Ho
esitato a scrivere per rendere omaggio (o oltraggio) a Simone de
Beauvoir nel centenario della nascita. In molti, forse troppi, lo
avevano già fatto, specie oltralpe, impiegando ogni possibile
risorsa mediatica, mentre la corposa uscita gennaio-marzo di “Les
Temps Modernes” era intitolata La transmission Beauvoir.
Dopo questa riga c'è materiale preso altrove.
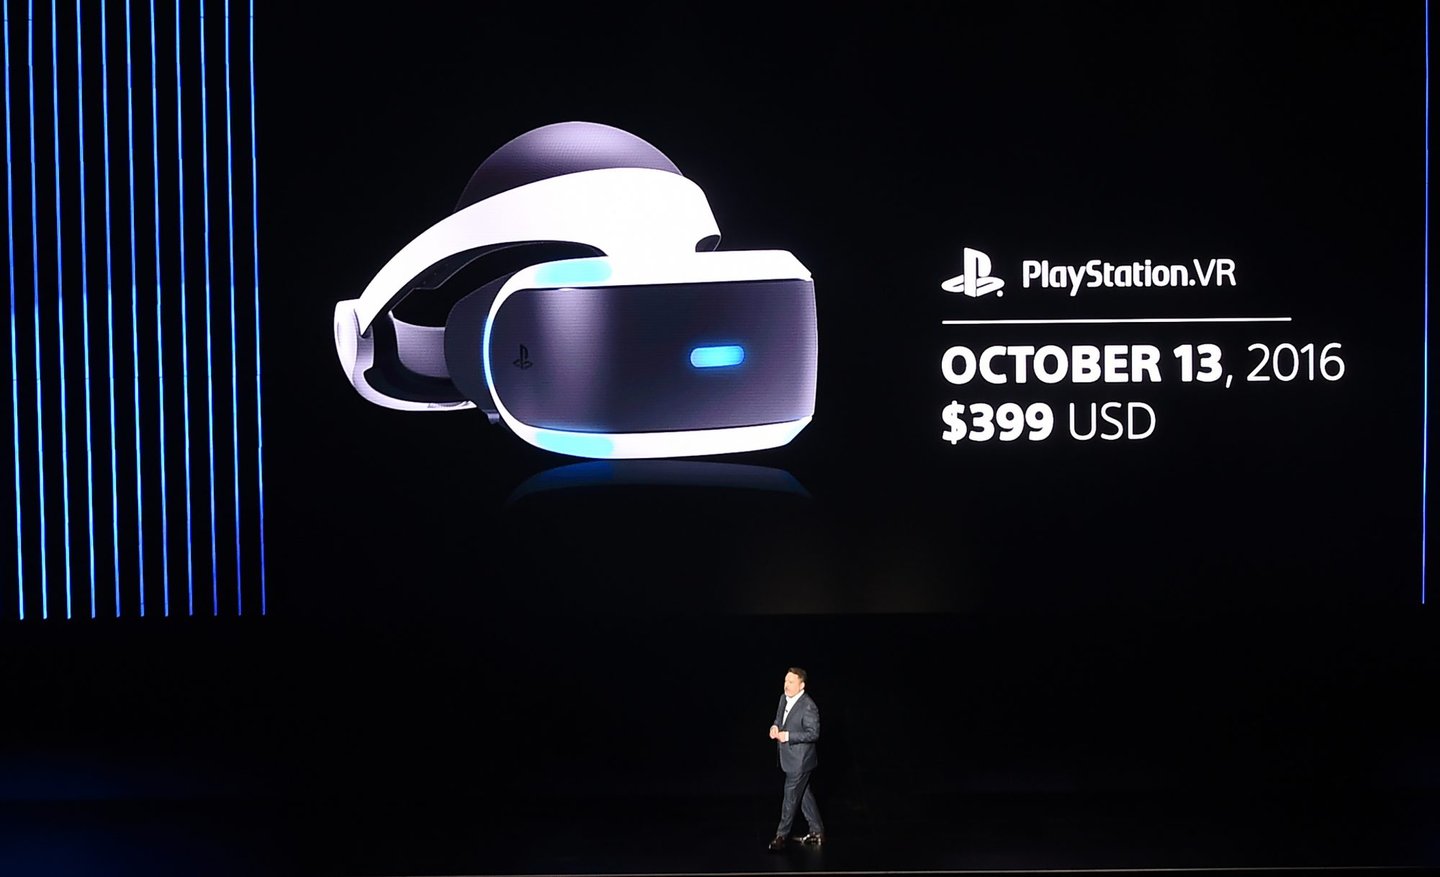 Shawn Layden, chairman of Sony Interactive Entertainment (SIE) Worldwide Studios, announces that Sonys PlayStation VR headset will be for sale on October 13, 2016 for USD $399, at the Sony PlayStation E3 press conference is underway at the Shrine Auditorium in Los Angeles, California, June 13, 2016. / AFP / ROBYN BECK (Photo credit should read ROBYN BECK/AFP/Getty Images)

A convincermi a scrivere è stata la lettura di uno stringatissimo
saggio sulla rivista stessa, in cui Élisabeth Badinter dichiara: «La
philosophie à l’œuvre dans Le deuxième sexe
a fait prendre conscience aux femmes de leur inestimabile droit de
dire NON». Non so se si possa parlare davvero di filosofia, ma
leggendo Le deuxième sexe
ho senz’altro detto NO alla maggioranza dei suoi contenuti e dei
suoi goffi tentativi di argomentare a favore di tesi non del tutto
chiare. NO, anche perché la penso proprio come la grande Stevie
Smith: «Miss de Beauvoir has written an enormous book about women
and it is soon clear that she does not like them, nor does she like
being a woman».
Ho
però esitato a scrivere anche per altre ragioni. Se da una parte la
mia lettura degli scritti di de Beauvoir risaliva ai tempi lontani in
cui ero una ragazzina, e non mi aveva entusiasmato, nonostante
durante l’adolescenza ci si lasci facilmente incantare da un
carisma intellettualoide tutto parigino, dall’altra, una volta
superata l’adolescenza, la figura “Simone de Beauvoir”, proprio
perché di fascino francese, l’ho trovata sempre più sgradevole.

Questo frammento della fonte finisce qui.